The study used the Taipei Medical University clinical research database, incorporating data from 3 hospitals in Taiwan. This database provided detailed clinical information, such as laboratory results, cause of death, and time-points for each medical treatment; it has previously been used to successfully predict mortality or classify patients with end-stage liver disease [68]. However, the study was potentially affected by the loss to follow-up of patients, unrecorded disease status, or unrecorded medications due to its nature as a retrospective data analysis.

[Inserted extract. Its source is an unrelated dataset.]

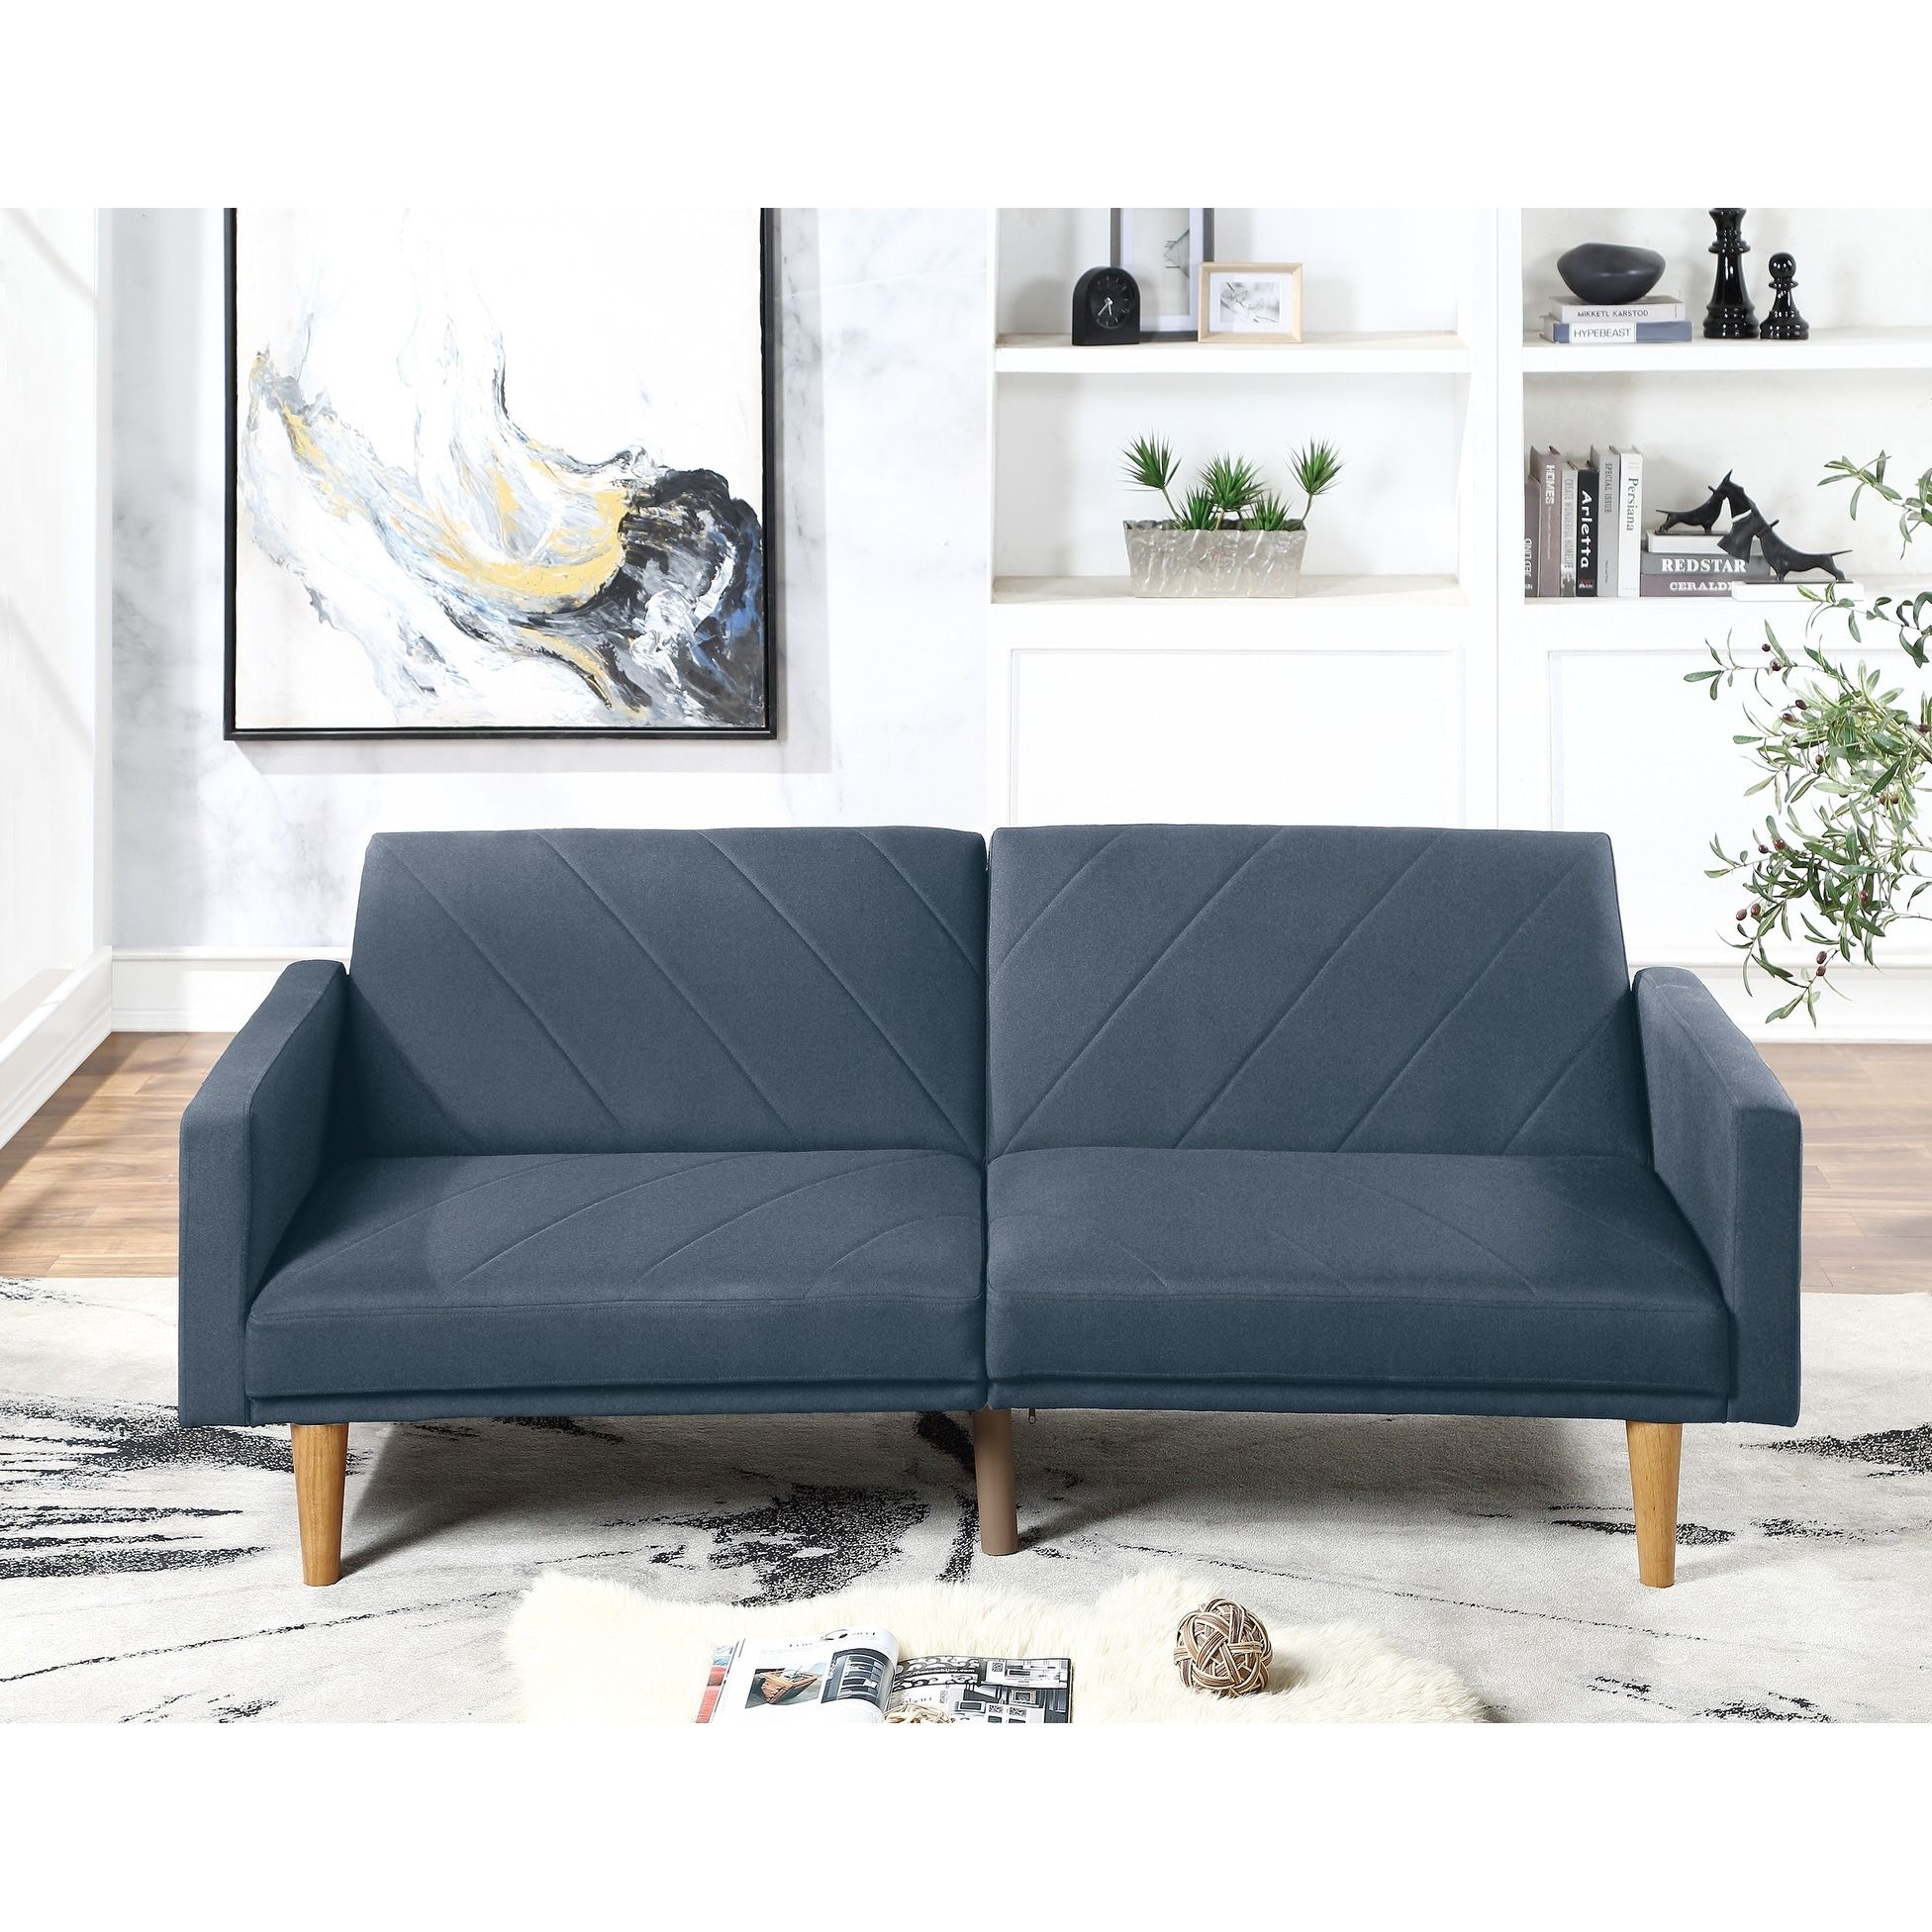 Modern Electric Look 1pc Convertible Sofa Couch Navy Color Linen Like  Fabric Cushion Wooden Legs Living Room – Bed Bath & Beyond – 35204646 Throughout Navy Sleeper Sofa Couches (View 7 of 15)

Family history, genetic data, and dietary intake were not documented in the database, but these factors might be integral to the occurrence of AITD. Extrapolation of the study model is thus restricted. Future multicenter, multicountry data are needed to further train and test the model before applying it in a broader clinical setting.

This study found that XGBoost with the borderline SMOTE resampling technique achieved the best model performance to predict AITD among amiodarone users. Feature selection by RFE and interpretation by SHAP demonstrated good predictive abilities and an explainable model. The optimal point of the threshold was determined to be the one with the maximal F₁-score, found by moving the threshold on the PR curve and differentiating risk groups assessed by the Kaplan-Meier curve. This time-series predictive model can serve as a preliminary tool to support clinicians with individualized AITD risk stratification among amiodarone users.